= Charles Carroll (British Army officer) =

British soldier

Brigadier Charles Samuel Flanagan Carroll, OBE, MC (30 January 1923 - 1992) was a British soldier of the Brigade of Gurkhas who led a bayonet charge of a Japanese position during the Second World War and fought communist insurgents in the jungle during the Malayan Emergency.

==Early life==
Charles Samuel Flanagan Carroll was born in Calcutta on 30 January 1923. He was educated at Lawrence College Ghora Gali.

==Military career==
Carroll was commissioned into the Indian Army in 1942 and served first, as was customary, in a British regiment, the Worcesters. He then joined the 4th Battalion of the 6th Gurkhas and went to Burma in 1944 as commander of C company. In 1945 he earned a Military Cross in Burma when he led a bayonet charge at Mindegon, near Mandalay.

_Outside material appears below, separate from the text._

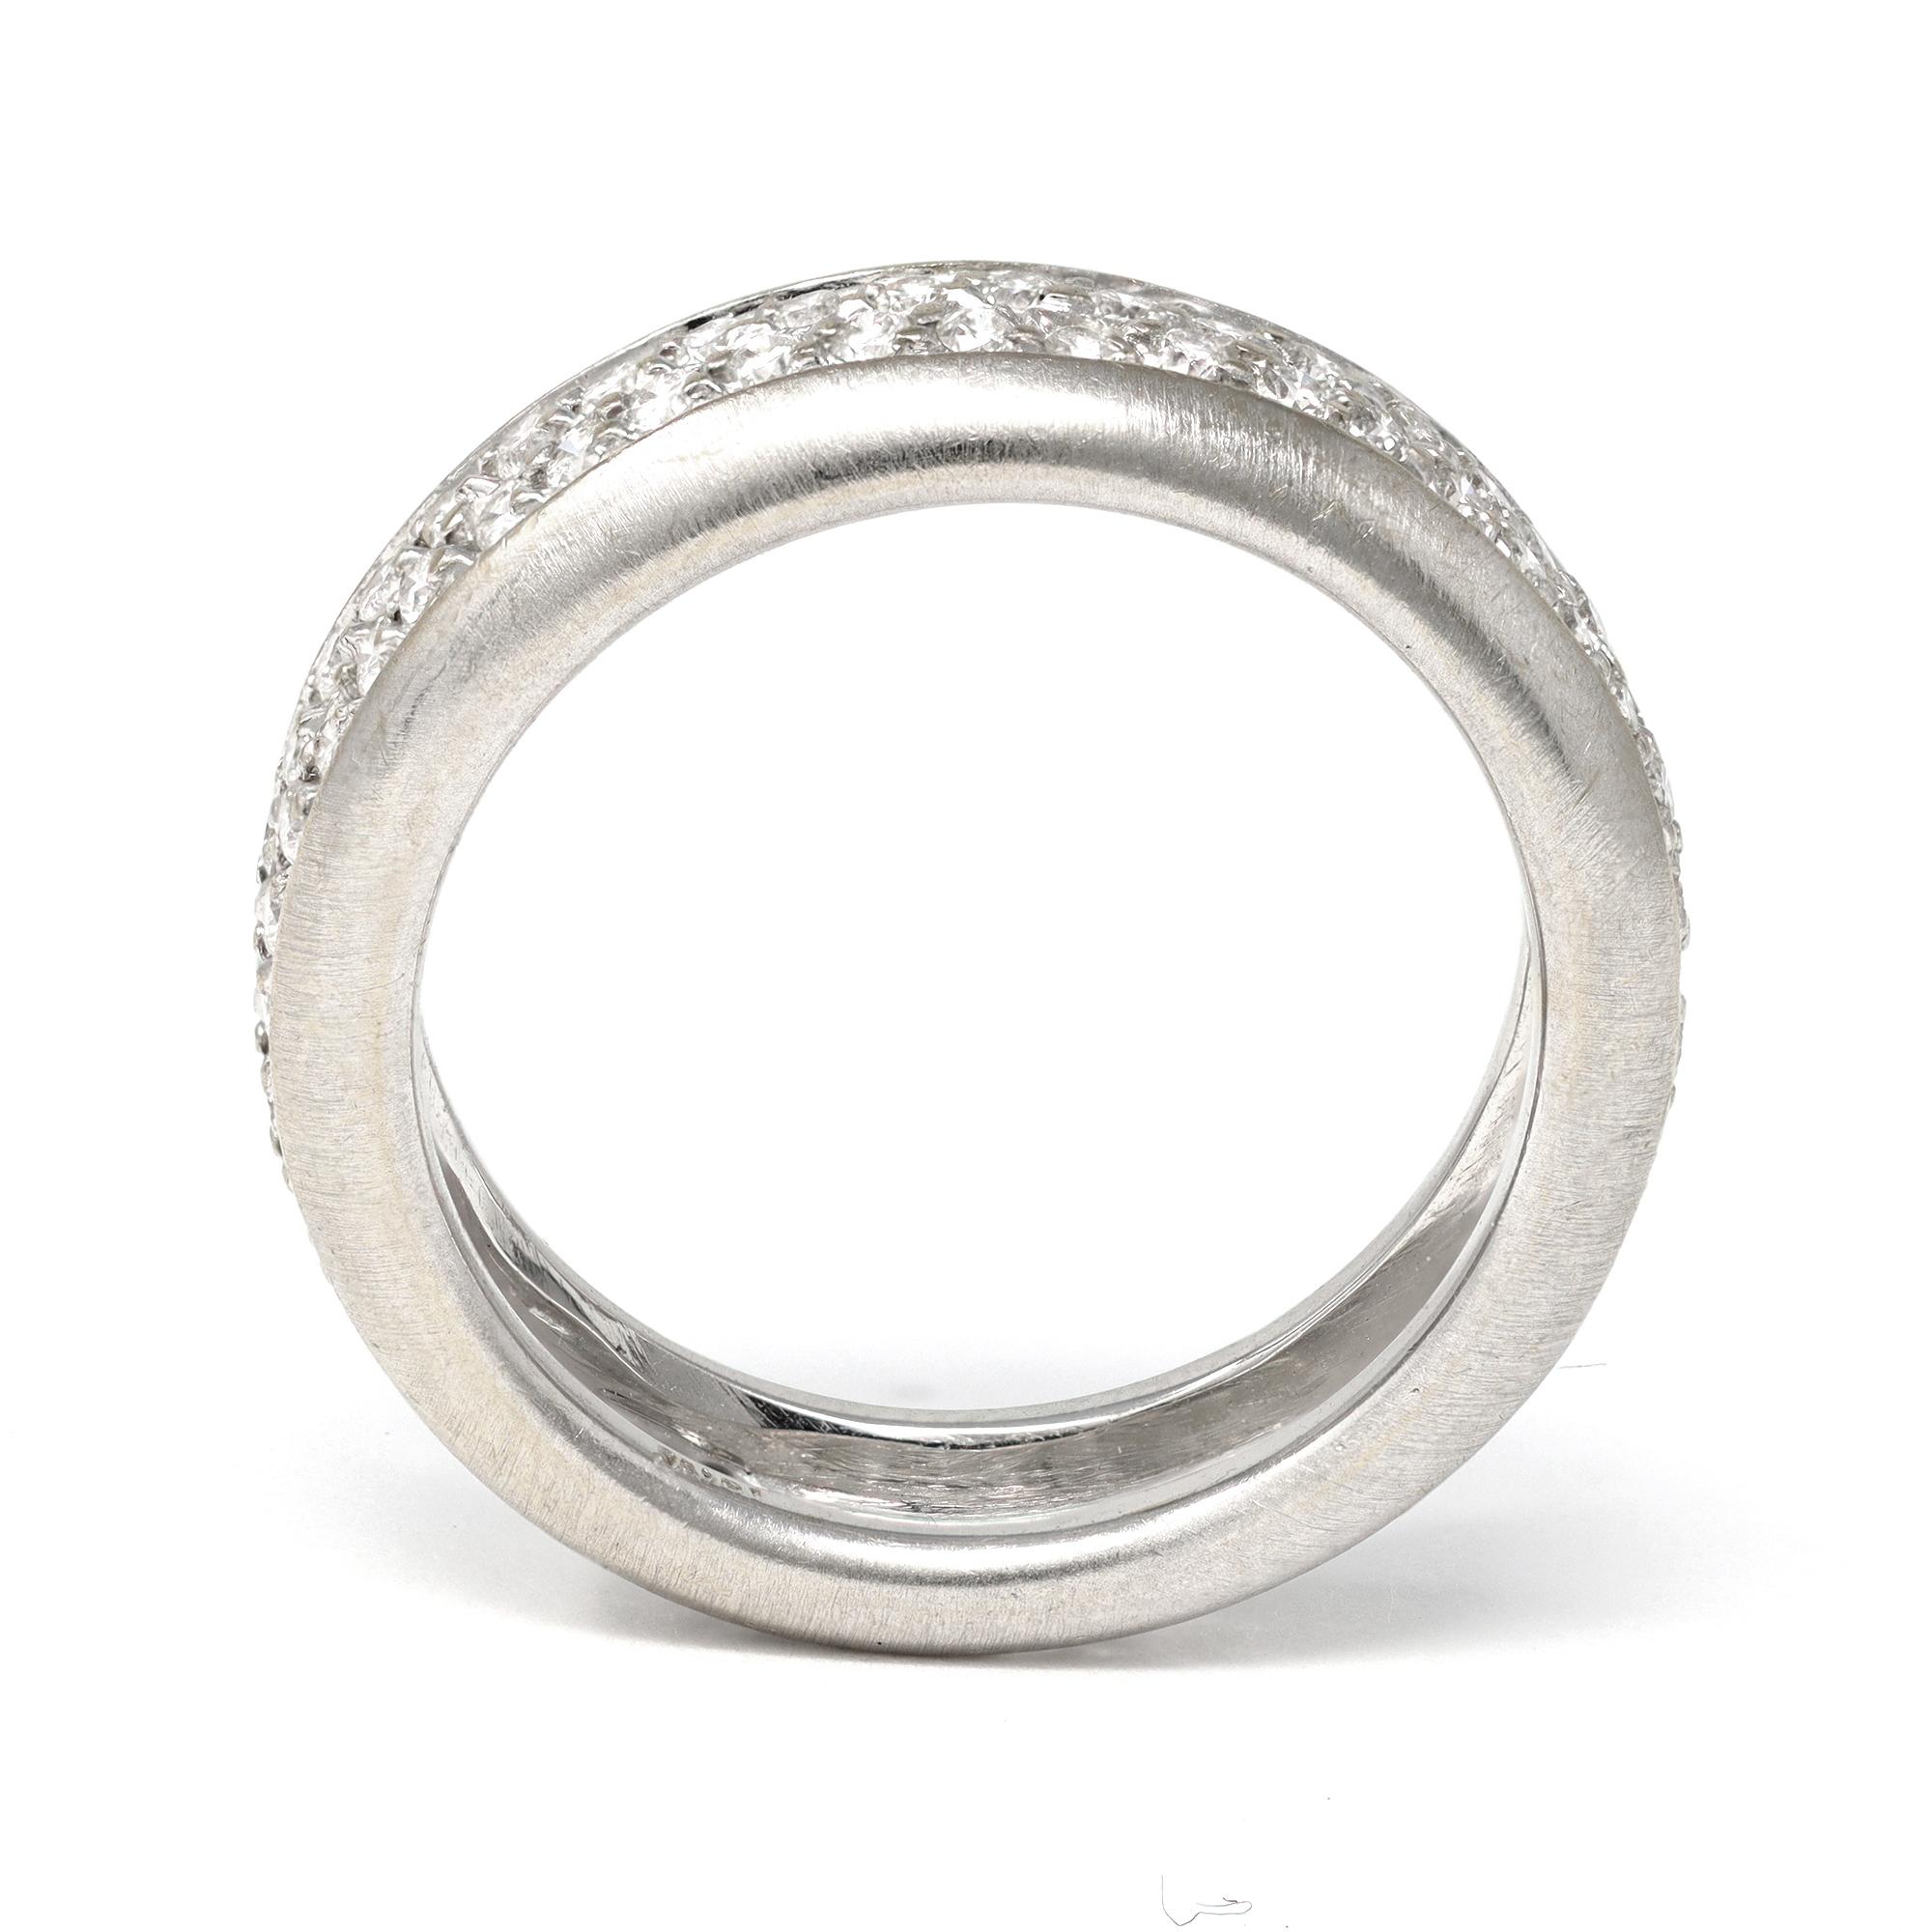 An eternity pavé  diamond band ring circa 1980, set in 18K white gold with a fine brush mat finish, Circa 1980. This modern ring features pavé round diamonds with an estimated weight of 0.70 carats, G color and VS clarity. The band will fit a size 6

After the end of the Second World War, he became adjutant of the 1st Gurkha Battalion. He then went to Malaya to fight communist insurgents in the jungle and was mentioned in dispatches. He had various staff appointments, was appointed an OBE in 1966, and lastly commanded the Aldershot Garrison before his retirement from the army in 1978.

==Family==
Carroll married Priscilla Puckle, sister of the actress Beth Rogan. They had two sons.

==Later life==
After his retirement, Carroll was house governor of the Phyllis Tuckwell Hospice in Farnham and did work for the Citizens' Advice Bureau in Haslemere. He died in 1992 and was survived by his wife and sons.